Data section below:

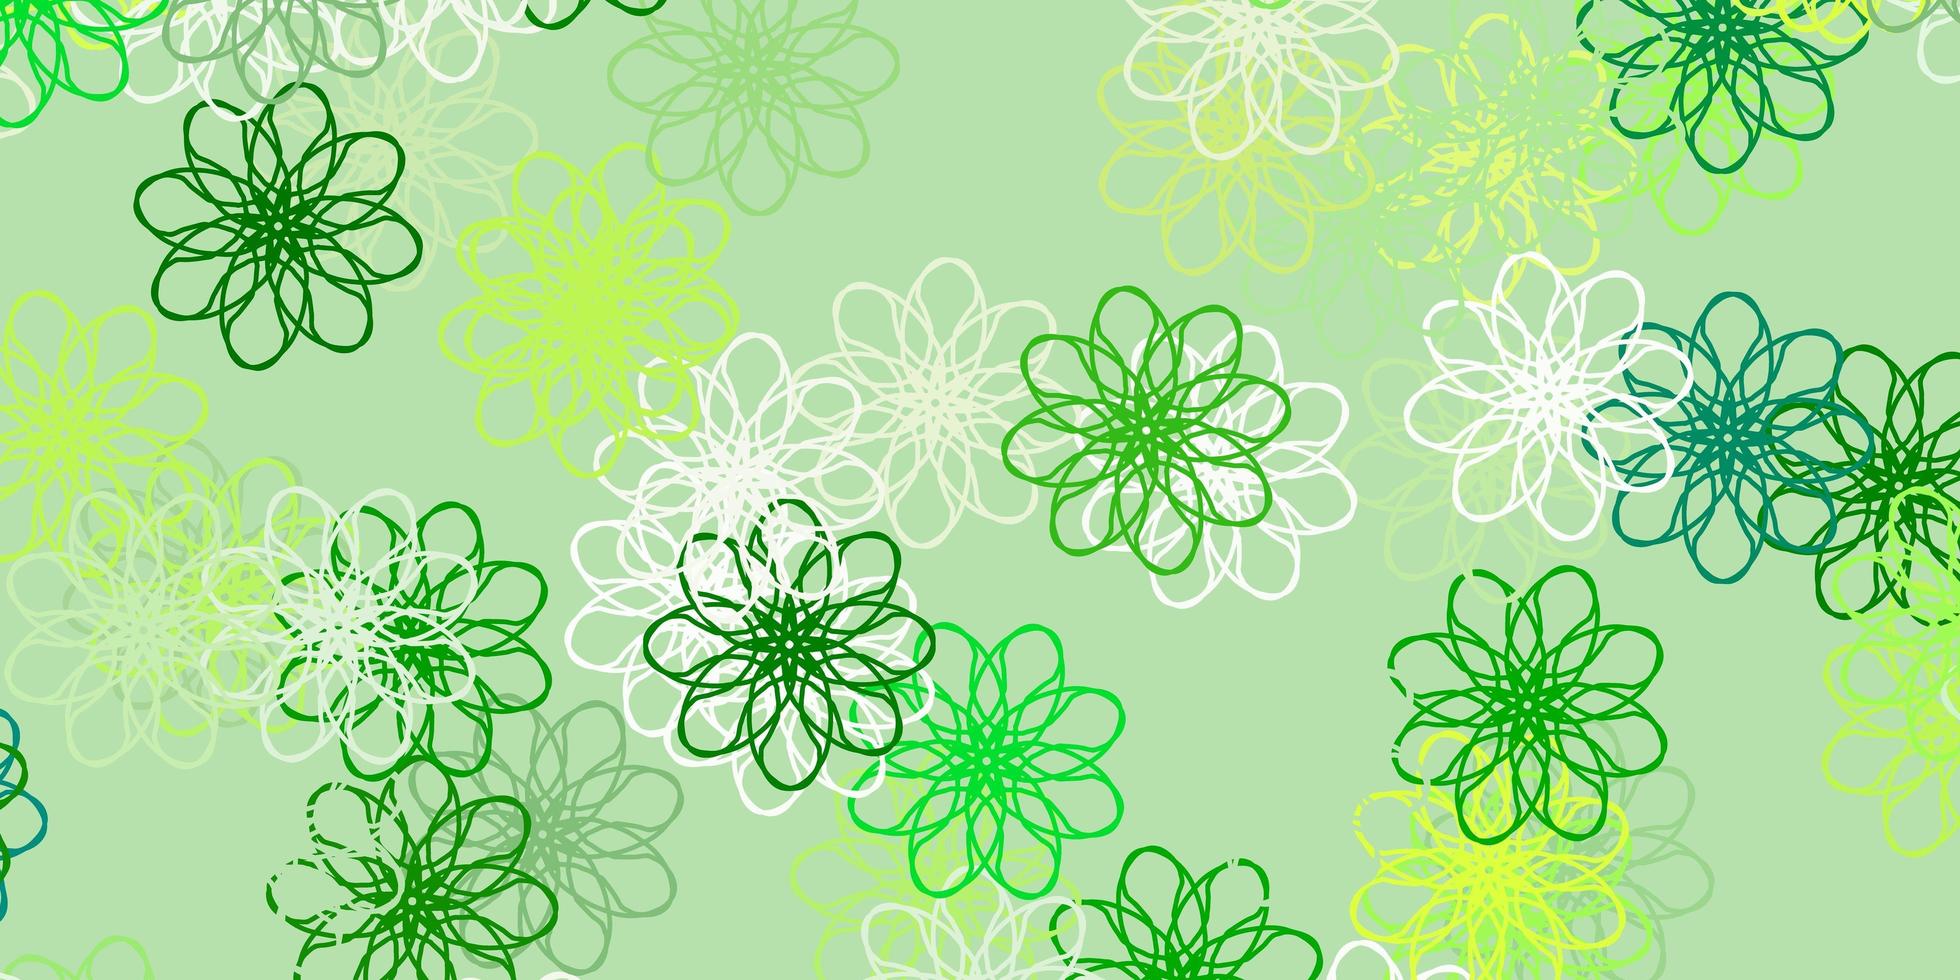 modèle de doodle vecteur vert clair, jaune avec des fleurs.
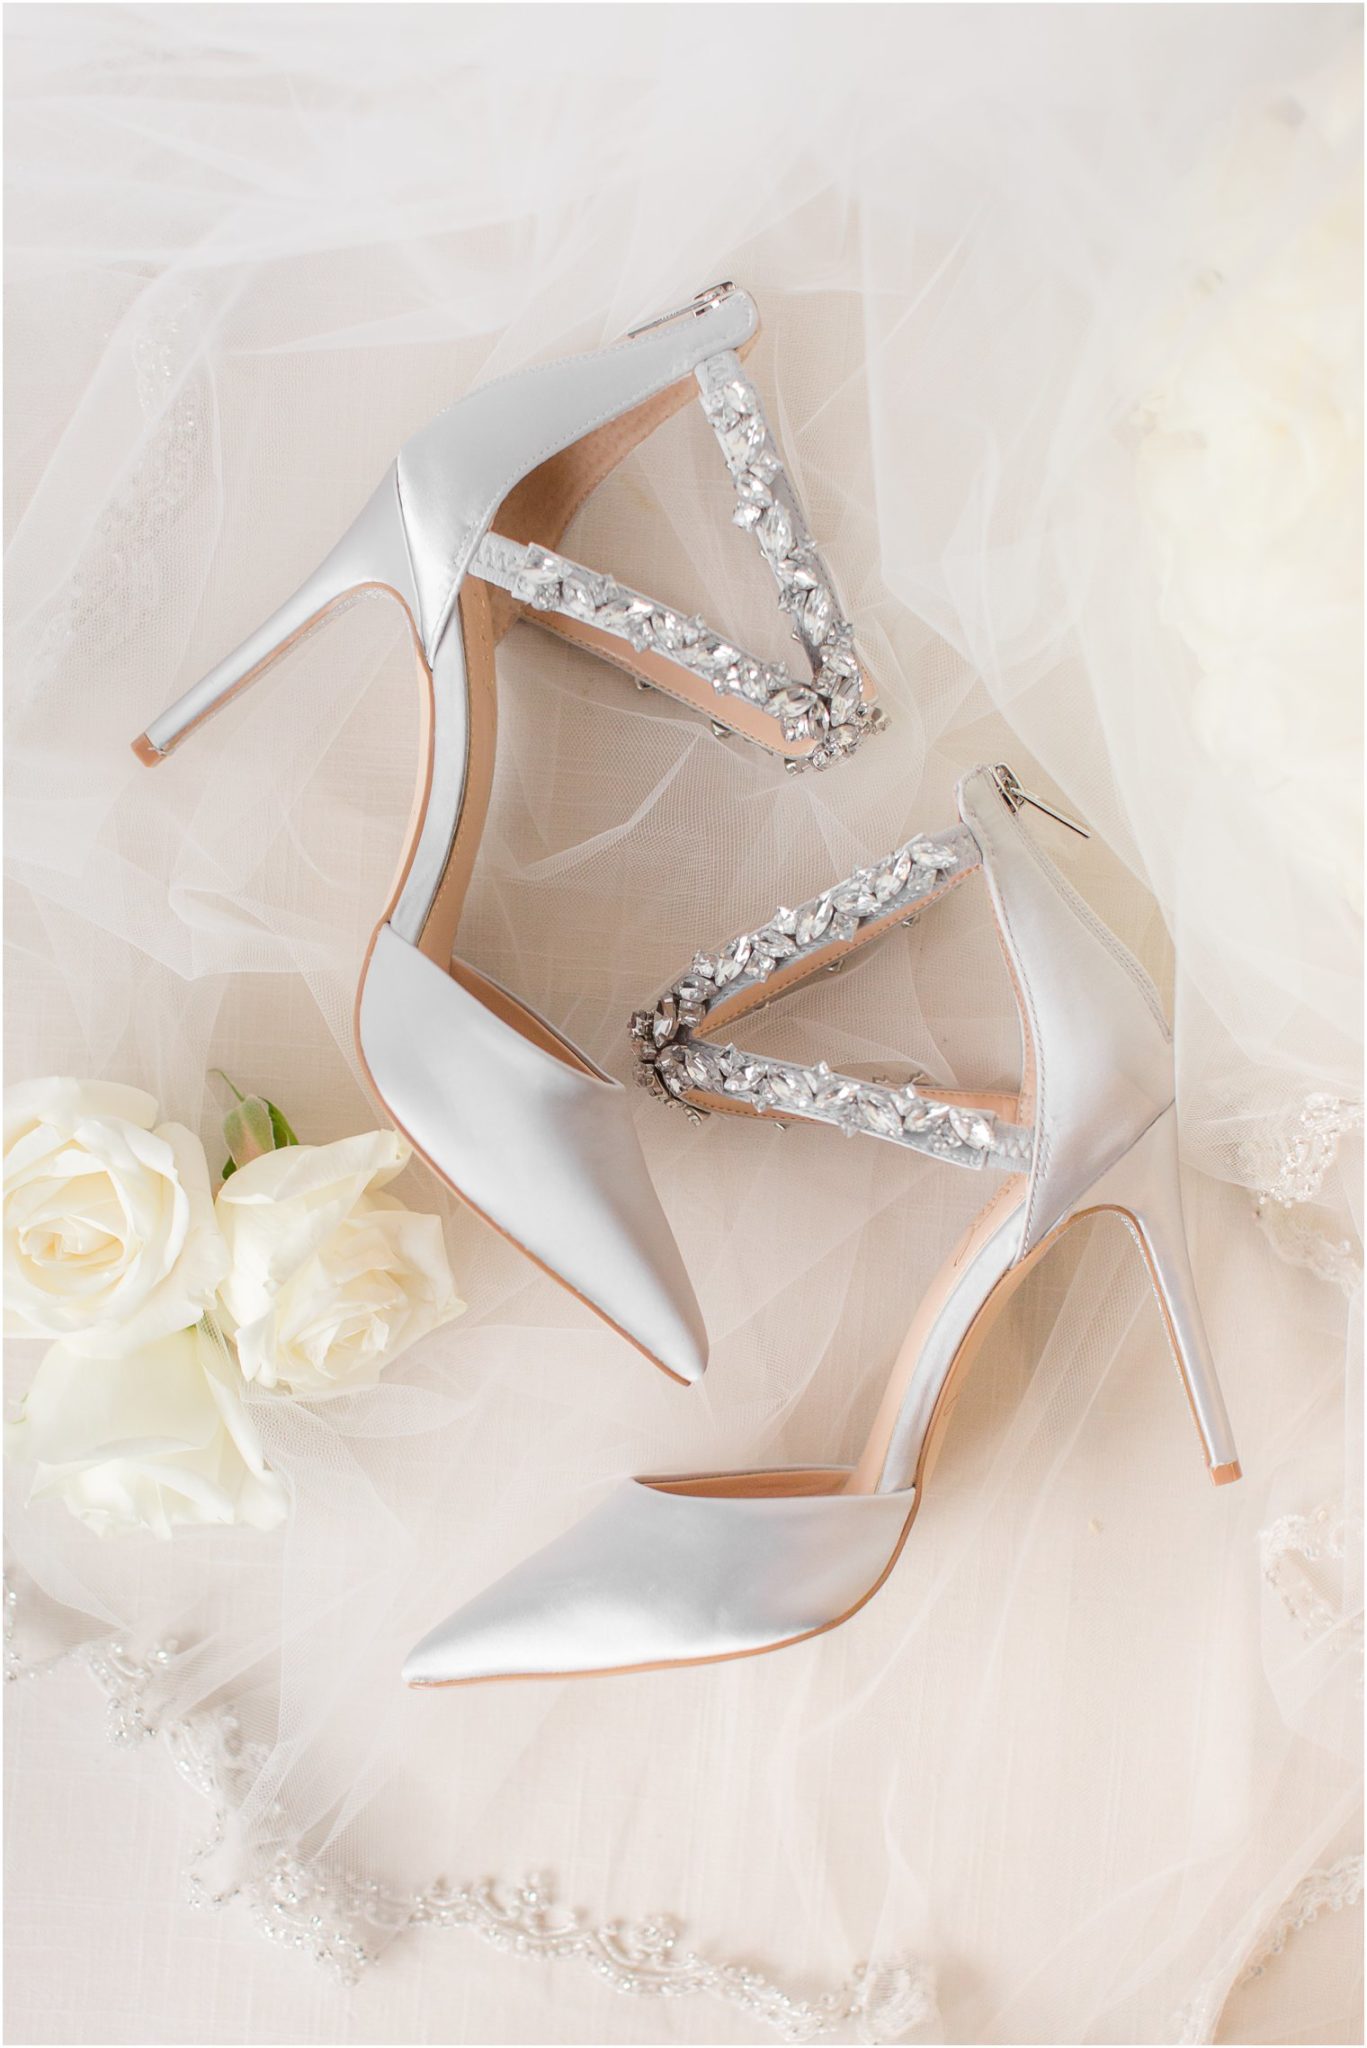 Wedding Shoe Inspiration - NJ Wedding Photographer | Idalia Photography
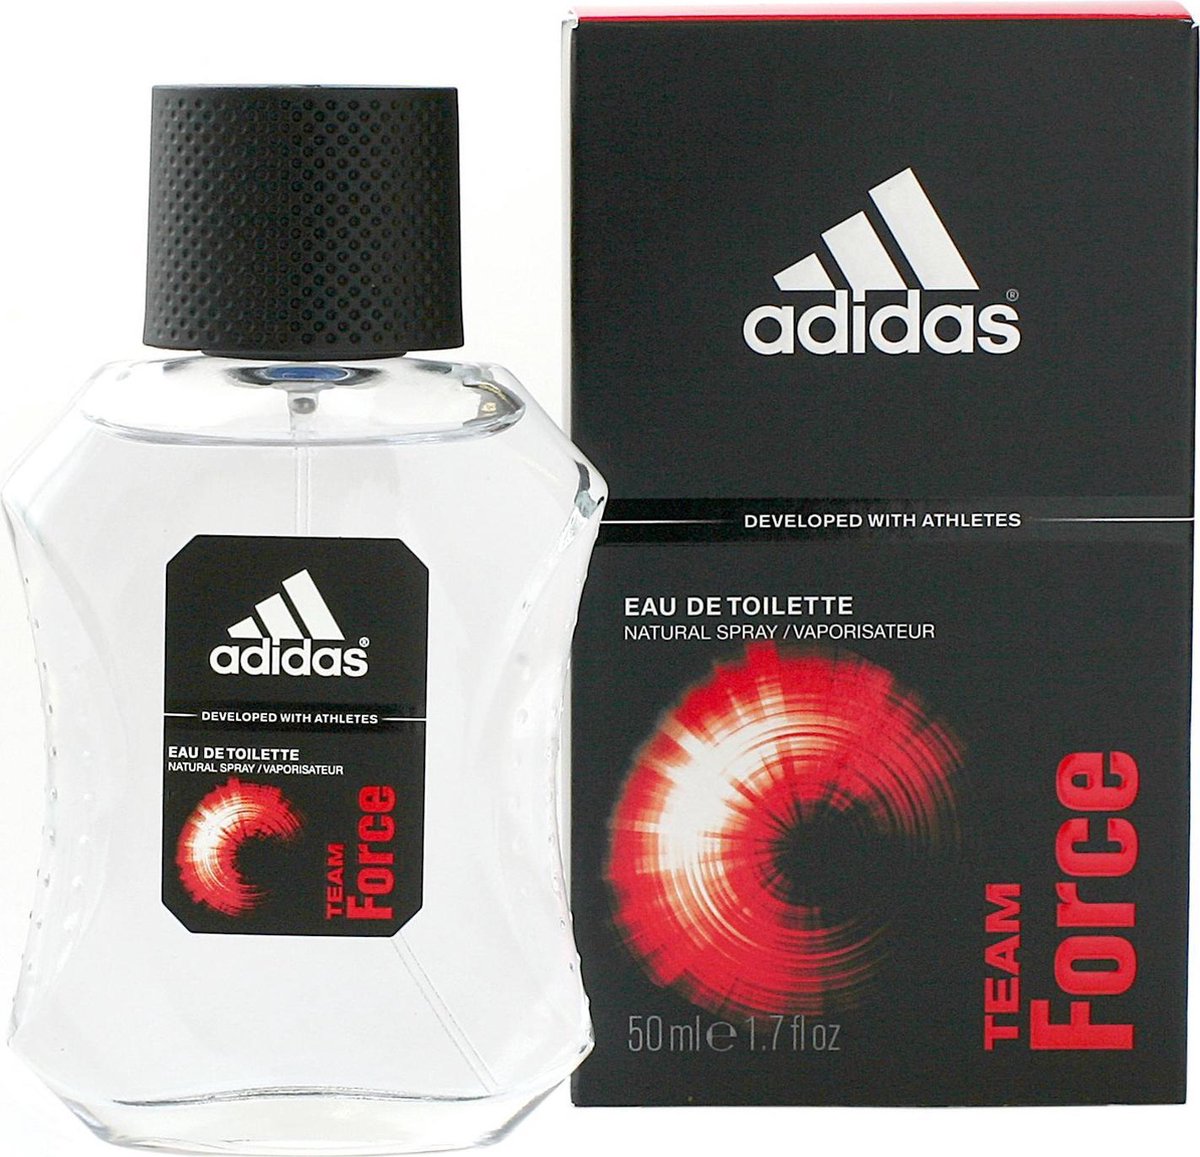 Adidas Team Force for Men - 50 ml - Eau de toilette
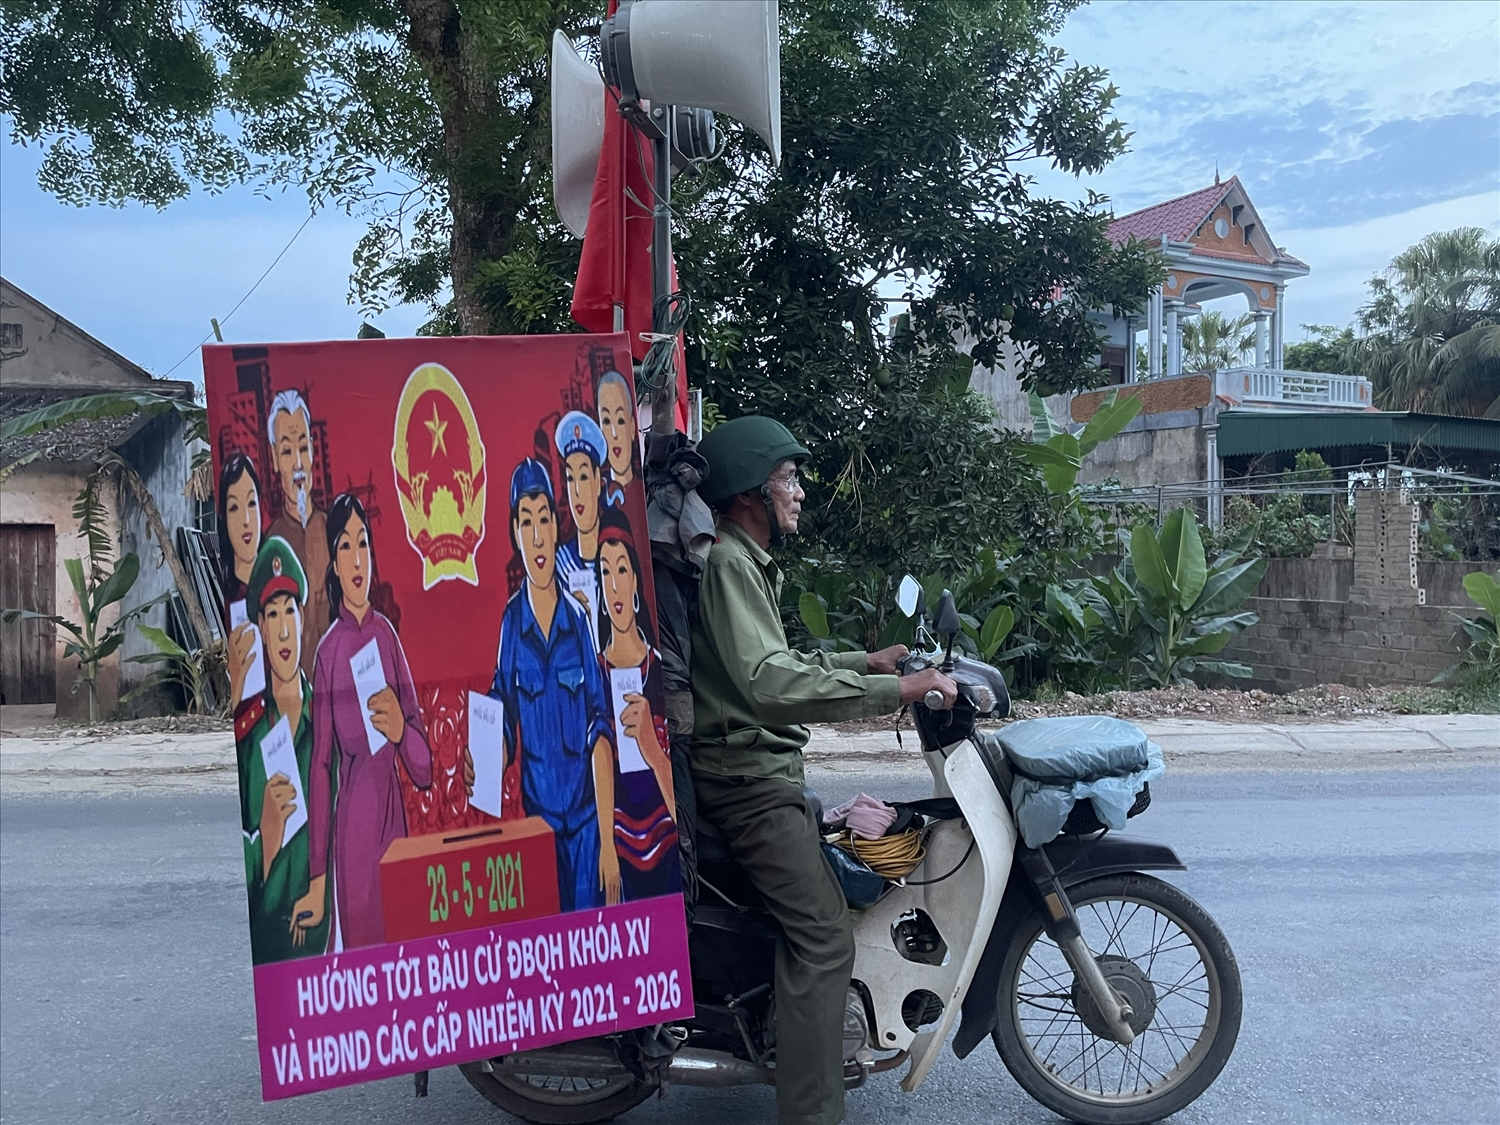 Ông Phạm Ngọc Chiêng, cùng bộ loa, máy phát, cờ và băng rôn với các khẩu hiệu tuyên truyền về phòng chống dịch Covid-19, về cuộc bầu cử ĐBQH và HĐND các cấp.

End of Data section.

> The problem: Without any of its images, the data above should be returned exactly.

> Task result:
 modèle de doodle vecteur vert clair, jaune avec des fleurs.
 Wedding Shoe Inspiration - NJ Wedding Photographer | Idalia Photography
 Adidas Team Force for Men - 50 ml - Eau de toilette
 Ông Phạm Ngọc Chiêng, cùng bộ loa, máy phát, cờ và băng rôn với các khẩu hiệu tuyên truyền về phòng chống dịch Covid-19, về cuộc bầu cử ĐBQH và HĐND các cấp.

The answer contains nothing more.